AVAILABLE DATA below:

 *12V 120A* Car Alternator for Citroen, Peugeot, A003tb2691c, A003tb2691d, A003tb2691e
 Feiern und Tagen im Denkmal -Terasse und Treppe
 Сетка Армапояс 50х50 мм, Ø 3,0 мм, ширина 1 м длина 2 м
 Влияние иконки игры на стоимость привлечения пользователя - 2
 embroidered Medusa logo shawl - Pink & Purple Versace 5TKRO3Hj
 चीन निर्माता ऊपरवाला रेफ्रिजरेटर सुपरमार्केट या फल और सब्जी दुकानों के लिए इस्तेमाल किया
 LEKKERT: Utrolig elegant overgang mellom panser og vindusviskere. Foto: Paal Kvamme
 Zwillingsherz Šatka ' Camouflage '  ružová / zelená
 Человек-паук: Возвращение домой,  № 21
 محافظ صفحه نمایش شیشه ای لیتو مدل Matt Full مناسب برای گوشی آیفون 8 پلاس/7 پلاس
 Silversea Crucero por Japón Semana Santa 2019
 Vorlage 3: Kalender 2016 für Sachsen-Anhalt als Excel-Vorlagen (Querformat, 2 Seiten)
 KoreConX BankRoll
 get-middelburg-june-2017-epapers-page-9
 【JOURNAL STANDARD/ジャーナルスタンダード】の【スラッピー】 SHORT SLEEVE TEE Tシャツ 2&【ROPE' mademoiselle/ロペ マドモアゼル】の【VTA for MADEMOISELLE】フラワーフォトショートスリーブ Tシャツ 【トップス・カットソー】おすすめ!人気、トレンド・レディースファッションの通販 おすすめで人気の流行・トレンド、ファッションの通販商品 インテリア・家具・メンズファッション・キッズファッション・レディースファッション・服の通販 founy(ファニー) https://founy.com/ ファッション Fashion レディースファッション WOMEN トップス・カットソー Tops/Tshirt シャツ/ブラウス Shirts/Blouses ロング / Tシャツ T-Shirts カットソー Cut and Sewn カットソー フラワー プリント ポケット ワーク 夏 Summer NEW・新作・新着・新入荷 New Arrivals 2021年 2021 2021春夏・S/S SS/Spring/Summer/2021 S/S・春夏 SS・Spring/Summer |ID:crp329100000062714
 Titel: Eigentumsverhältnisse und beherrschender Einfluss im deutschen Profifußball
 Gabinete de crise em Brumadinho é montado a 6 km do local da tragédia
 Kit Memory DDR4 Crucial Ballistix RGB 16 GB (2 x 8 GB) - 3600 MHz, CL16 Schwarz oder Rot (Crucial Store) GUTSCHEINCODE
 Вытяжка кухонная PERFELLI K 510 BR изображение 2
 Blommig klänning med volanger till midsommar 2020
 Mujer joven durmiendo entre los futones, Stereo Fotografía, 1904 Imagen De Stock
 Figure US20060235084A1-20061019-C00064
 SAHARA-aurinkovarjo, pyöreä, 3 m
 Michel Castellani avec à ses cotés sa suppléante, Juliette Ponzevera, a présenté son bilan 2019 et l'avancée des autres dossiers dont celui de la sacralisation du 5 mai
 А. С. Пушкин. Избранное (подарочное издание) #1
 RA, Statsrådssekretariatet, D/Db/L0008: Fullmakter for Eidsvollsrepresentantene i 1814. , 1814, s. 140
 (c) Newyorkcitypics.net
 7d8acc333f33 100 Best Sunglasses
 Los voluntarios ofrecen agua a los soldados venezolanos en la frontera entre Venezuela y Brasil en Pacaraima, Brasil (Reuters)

End of AVAILABLE DATA.

REQUIRED WORK
Using the data above, restate word for word the lines from its opening line through the line that contains "get-middelburg-june-2017-epapers-page-9", and no more.

RESPONSE FOR THIS EXERCISE
 *12V 120A* Car Alternator for Citroen, Peugeot, A003tb2691c, A003tb2691d, A003tb2691e
 Feiern und Tagen im Denkmal -Terasse und Treppe
 Сетка Армапояс 50х50 мм, Ø 3,0 мм, ширина 1 м длина 2 м
 Влияние иконки игры на стоимость привлечения пользователя - 2
 embroidered Medusa logo shawl - Pink & Purple Versace 5TKRO3Hj
 चीन निर्माता ऊपरवाला रेफ्रिजरेटर सुपरमार्केट या फल और सब्जी दुकानों के लिए इस्तेमाल किया
 LEKKERT: Utrolig elegant overgang mellom panser og vindusviskere. Foto: Paal Kvamme
 Zwillingsherz Šatka ' Camouflage '  ružová / zelená
 Человек-паук: Возвращение домой,  № 21
 محافظ صفحه نمایش شیشه ای لیتو مدل Matt Full مناسب برای گوشی آیفون 8 پلاس/7 پلاس
 Silversea Crucero por Japón Semana Santa 2019
 Vorlage 3: Kalender 2016 für Sachsen-Anhalt als Excel-Vorlagen (Querformat, 2 Seiten)
 KoreConX BankRoll
 get-middelburg-june-2017-epapers-page-9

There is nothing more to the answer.